How tech is helping us talk to animals
An African elephant throws mud onto itself at the Mpala Research Center and Wildlife Foundation, near Rumuruti, Laikipia District, Kenya. Elephants have been shown to communicate using infrasound, which exists below the human range of hearing, and new technology...
The world around us is vibrating with sounds we cannot hear. Bats chitter and babble in ultrasound; elephants rumble infrasonic secrets to each other; coral reefs are aquatic clubs, hopping with the cracks and hisses and clicks of marine life.
For centuries, we didn’t even know those sounds existed. But as technology has advanced, so has our capacity to listen. Today, tools like drones, digital recorders, and artificial intelligence are helping us listen to the sounds of nature in unprecedented ways, transforming the world of scientific research and raising a tantalizing prospect: Someday soon, computers might allow us to talk to animals.
In some ways, that has already begun.
“Digital technologies, so often associated with our alienation from nature, are offering us an opportunity to listen to nonhumans in powerful ways, reviving our connection to the natural world,” writes Karen Bakker in her new book, The Sounds of Life: How Digital Technology Is Bringing Us Closer to the Worlds of Animals and Plants.
Automated listening posts have been set up in ecosystems around the planet, from rainforests to the depths of the ocean, and miniaturization has allowed scientists to stick microphones onto animals as small as honeybees.
“Combined, these digital devices function like a planetary-scale hearing aid: enabling humans to observe and study nature’s sounds beyond the limits of our sensory capabilities,” Bakker writes.

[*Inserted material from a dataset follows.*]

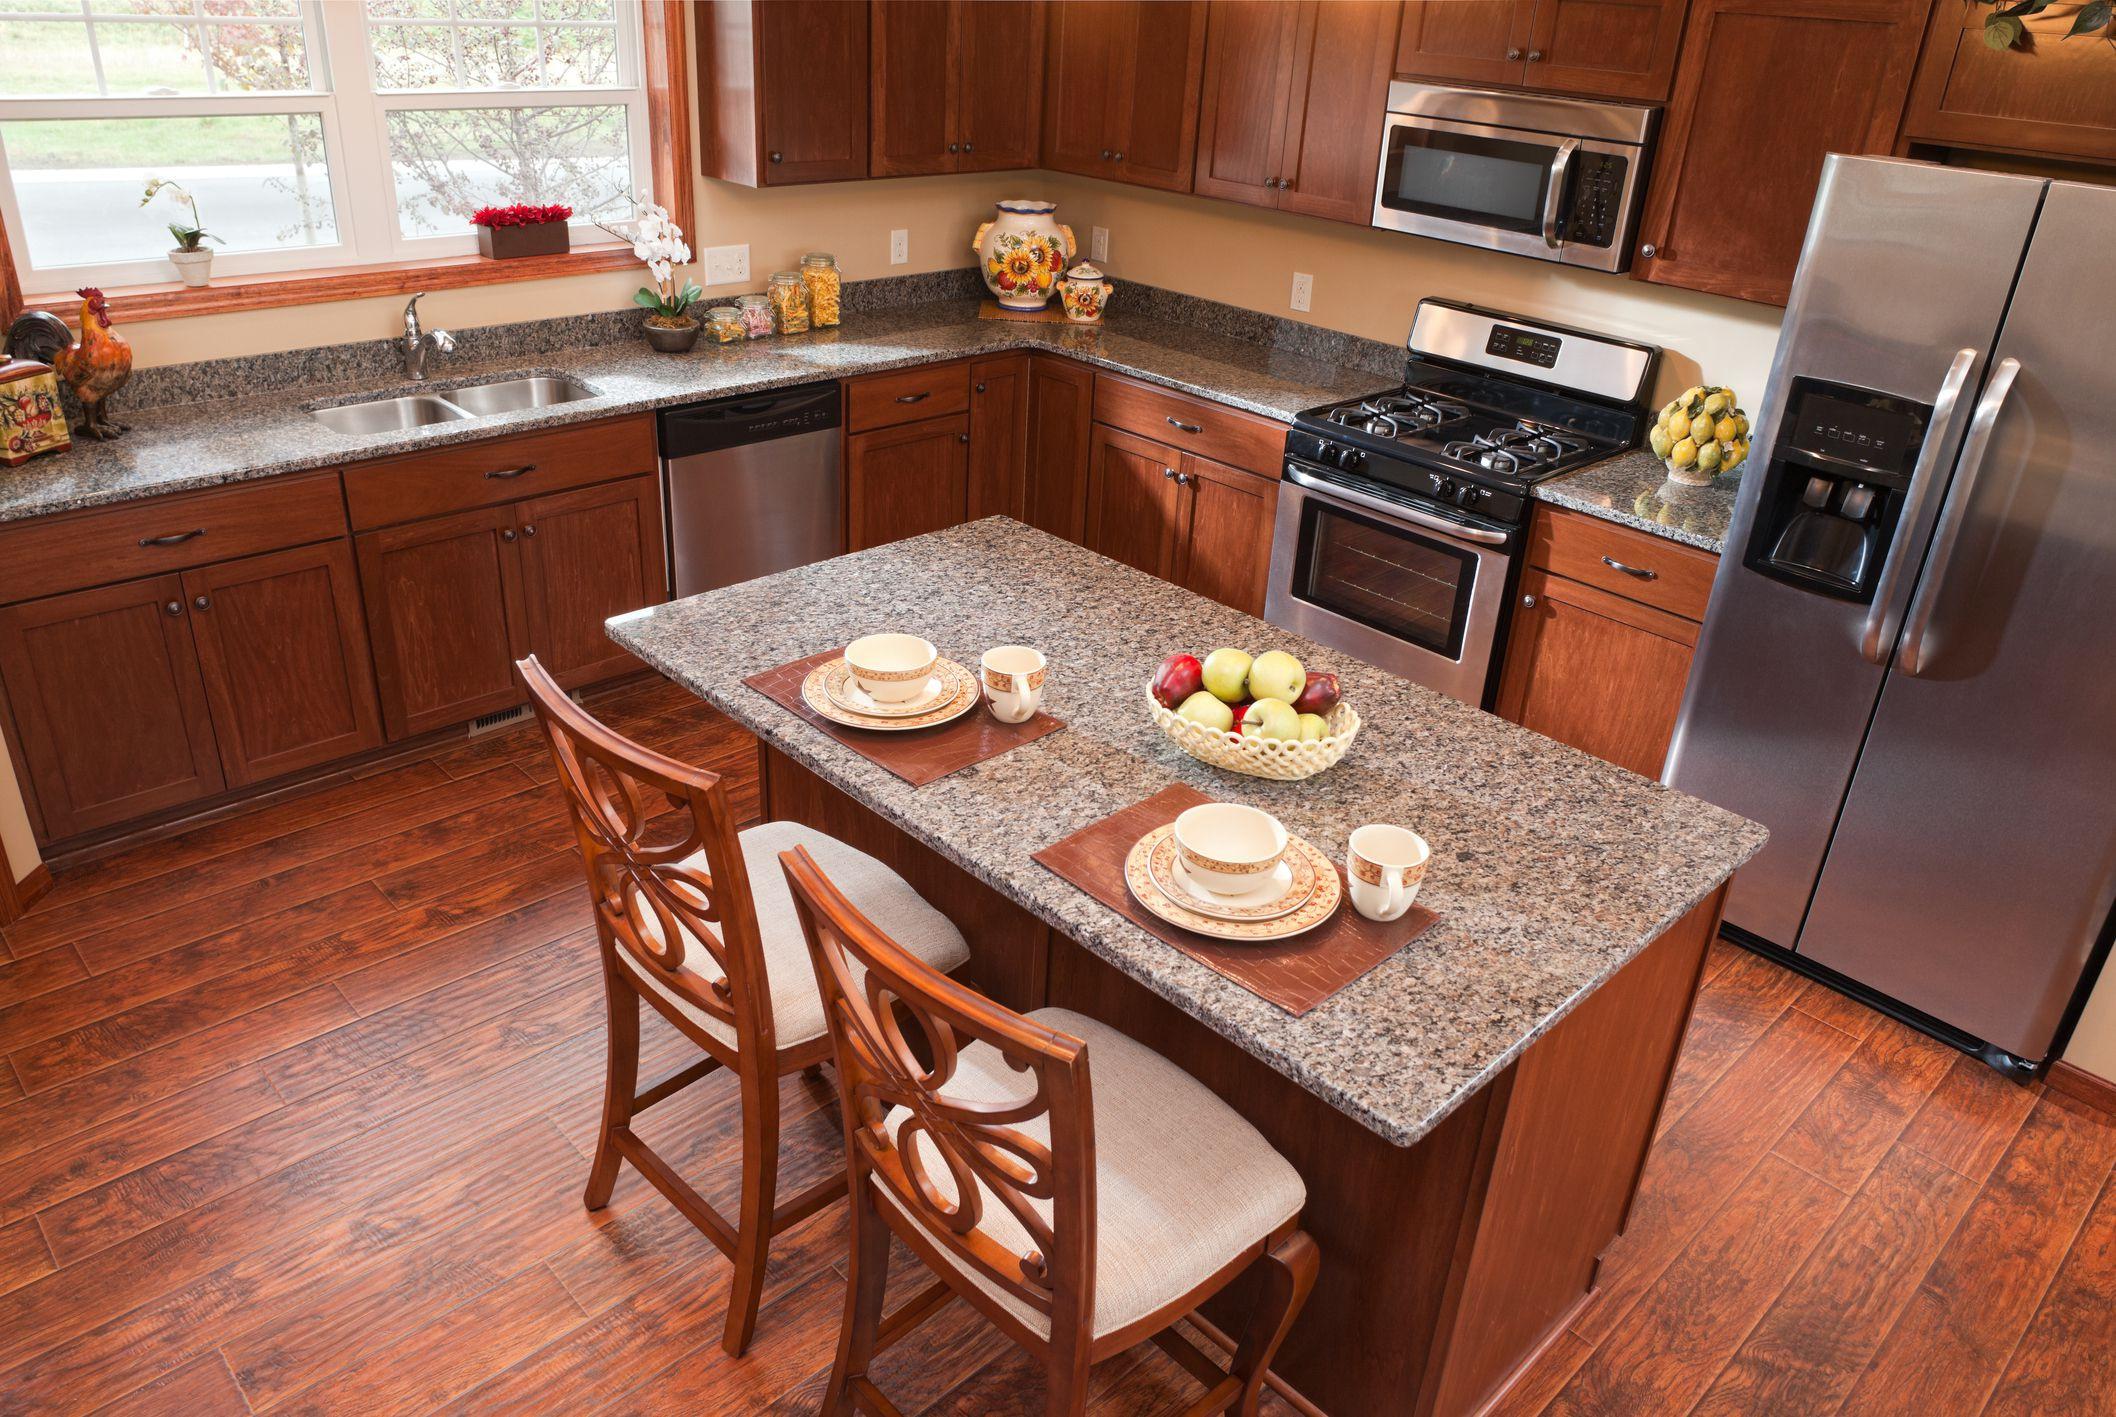 Aquabar B Hardwood Flooring Underlayment Problems Of Can You Install Laminate Flooring In the Kitchen Pertaining to Kitchen Laminate Floor Gettyimages 155098316 5895140c5f9b5874ee5f7711

All those devices create a ton of data, which would be impossible to go through manually. So researchers in the fields of bioacoustics (which studies sounds made by living organisms) and ecoacoustics (which studies the sounds made by entire ecosystems) are turning to artificial intelligence to sift through the piles of recordings, finding patterns that might help us understand what animals are saying to each other. There are now databases of whale songs and honeybee dances, among others, that Bakker writes could one day turn into “a zoological version of Google Translate.”

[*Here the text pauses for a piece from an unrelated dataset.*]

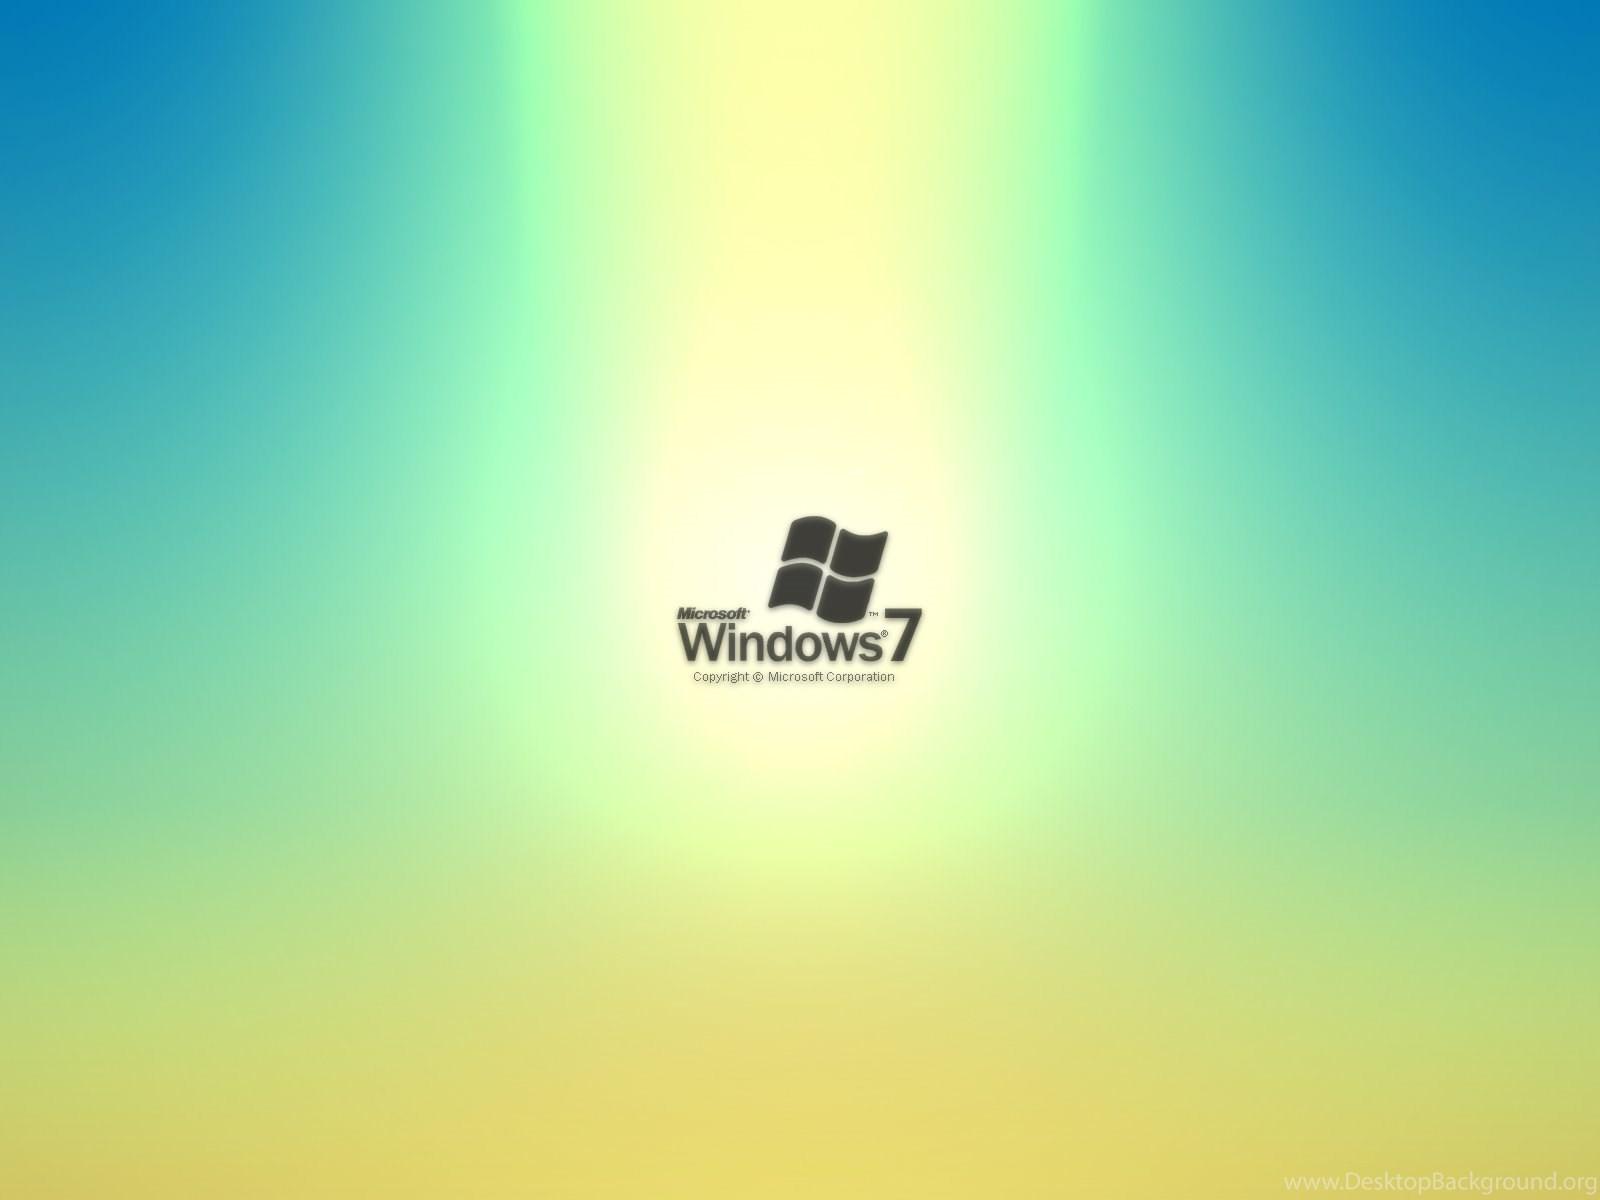 Abstract 3d Free Windows 7 Wallpapers Pack 1045 Desktop

But it’s important to remember that we aren’t necessarily discovering these sounds for the first time. As Bakker points out in her book, Indigenous communities around the world have long been aware that animals have their own forms of communication, while the Western scientific establishment has historically dismissed the idea of animal communication outright. Many of the researchers Bakker highlights in her book faced intense pushback from the scientific community when they suggested whales, elephants, turtles, bats, and even plants made sounds and even might have languages of their own. They spent nearly as much time pushing back against the pushback as they did conducting research.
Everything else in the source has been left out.